My 2014: Online Editor Emily Gosling looks back on the year gone by
“It was the best of times, it was the BLURST of times,” as that monkey in The Simpsons unforgettably put it. I joined It’s Nice That almost two months ago now, and it’s been a great way to see in the last few months of 2014. While it feels a bit odd being on the other side of interview questions, it’s been nice to talk about what’s been a really lovely year in many ways; helped along by some equally lovely creative output, which I’ve rambled on breathlessly about below.
What has the internet taught you this year?
That I really need to get my arse in gear and swap home broadband providers.
What’s been your favourite interview/piece of writing of the year?
It’s so hard to pick one, but an interview that really stayed with me was Mark Ellen’s interview with Leonard Cohen in The Times There are the most breathtaking quotes from Cohen, but the final one is truly brilliant – so simple and so evocative.
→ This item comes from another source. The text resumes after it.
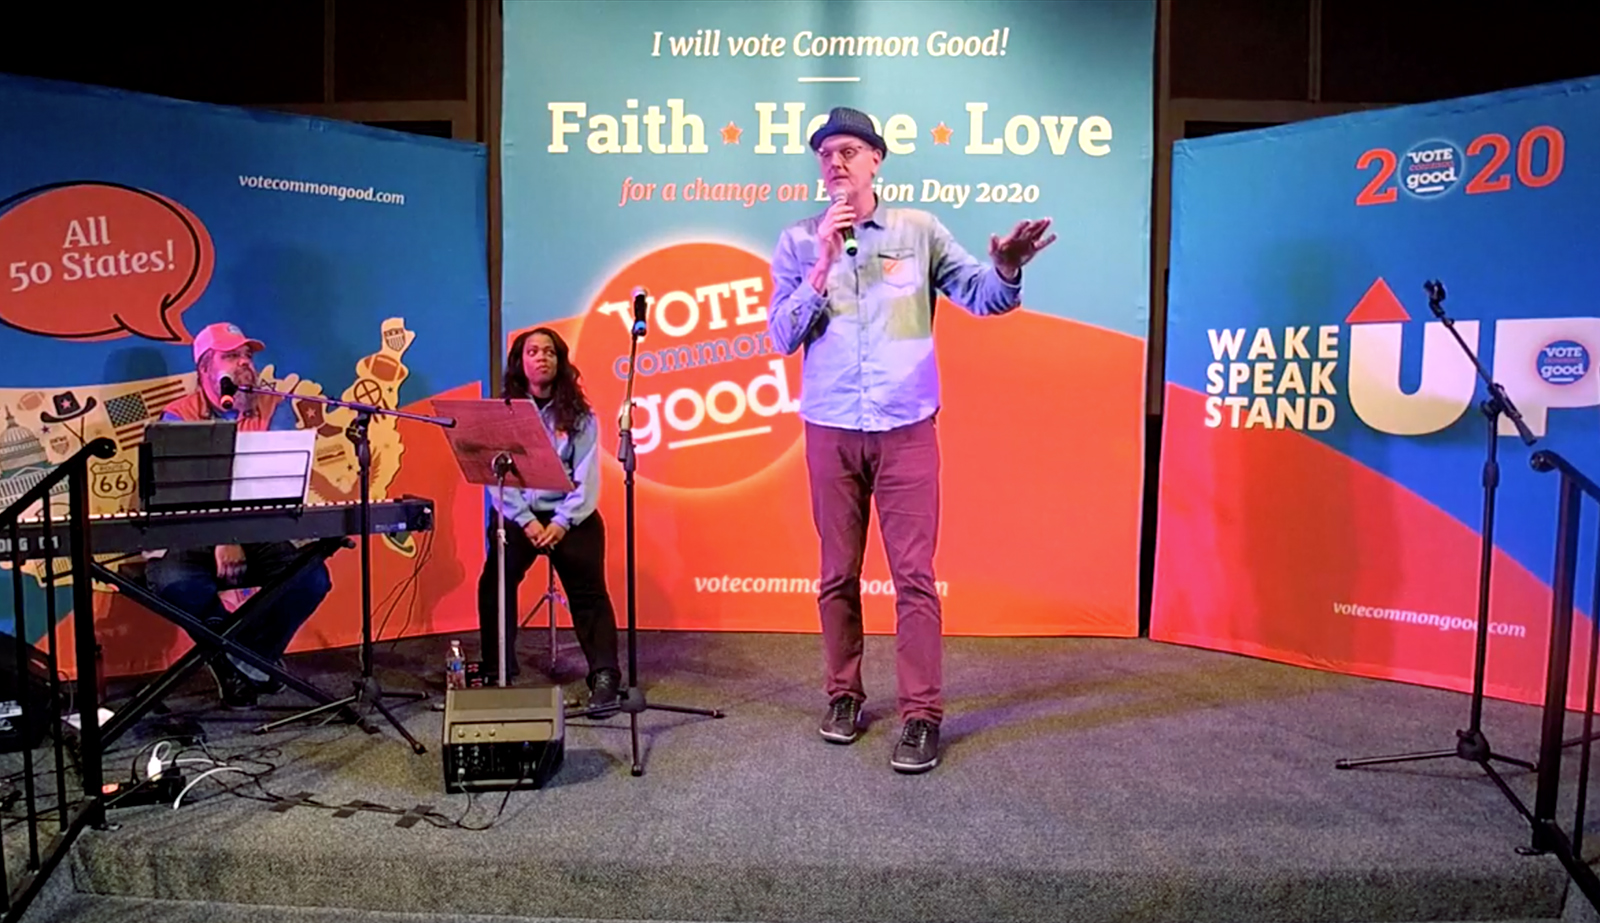 Doug Pagitt, center, speaks during a Vote Common Good rally at a United Church of Christ in Fresno, California, on Jan. 19, 2020. Video screen grab

Cohen’s discussing his favourite lyric: “The moon stood still on Blueberry Hill’…You just see that full moon suspended. You just want to gaze at it. It stops the mind spinning. I think what we like about music — and what we like about art in general — is that enterprise that stops our minds from spinning. Because we’re all over the place. A good song is a movie: it will focus and calm and confer significance on this completely bewildering reality we all live in.”
Which website do you think has really stepped up their game this year?
It’s an obvious choice but the Wired redesign is great.
Which song/album would be the soundtrack to your year?
It’s not a timely one, or one I’ve only discovered now, but I can’t get enough of Robert Wyatt’s Sea Song, ever. I saw him talk recently so have been discovering him all over again and he constantly astonished me with how incredible his lyrics are, delivered as though he’s having a chat and a cigarette with you in your kitchen.
Which app could you have not lived without this year
I’m not really an app person, and I currently don’t have a phone, but I have very much enjoyed VidRhythm. It’s an app where you record your friends each making a different sound, like a “tsk” or a handclap, and it puts it all together to make a really fun, really irritating little video where you can have cats and robots and things all jigging along with you.
What’s been your favourite publication this year?
It had to be the new Scamp magazine. The shoots, the design, the content…everything about it is so surreal and bold and brilliant. It bills itself as “the sparkling new compendium of the art and fashion shiterati.” Need I say more.
What’s the best exhibition you’ve visited?
I loved the Ivan Chermayeff collage show at the De La Warr Pavilion. Well worth a trip to the coast for. The Sigmar Polke show is brilliant, too – and laugh-out-loud funny in places. Chris Marker at the Whitechapel, too. SO much good stuff, I’m finding it very hard to choose.
One valuable lesson you have learnt in 2014?
That change isn’t always terrifying, or maybe it is, but it can also be great.
Do you have any new year’s resolutions?
To put on another Center Parcs Fun Time Gang night.
Give us a recipe for an incredible Christmas lunch SIDE dish
For its lovely bright colour and the equally lovely avalanche of sugar, it’s this take on crispy fried seaweed, using red cabbage instead of green, and resulting in something not quite as crispy but nicer than boiled cabbage.
Ingredients:
red cabbage
brown sugar
cinnamon
sunflower oil
Slice red cabbage quite finely. Heat up a few tablespoons of oil in a big wok. Throw in the cabbage, fry for a couple of minutes, then sprinkle a generous amount of brown sugar (about two tablespoons) over the top, with a good sprinkle of cinnamon. Fry so it’s evenly coated for about five minutes or until it starts to smell vaguely caramelised.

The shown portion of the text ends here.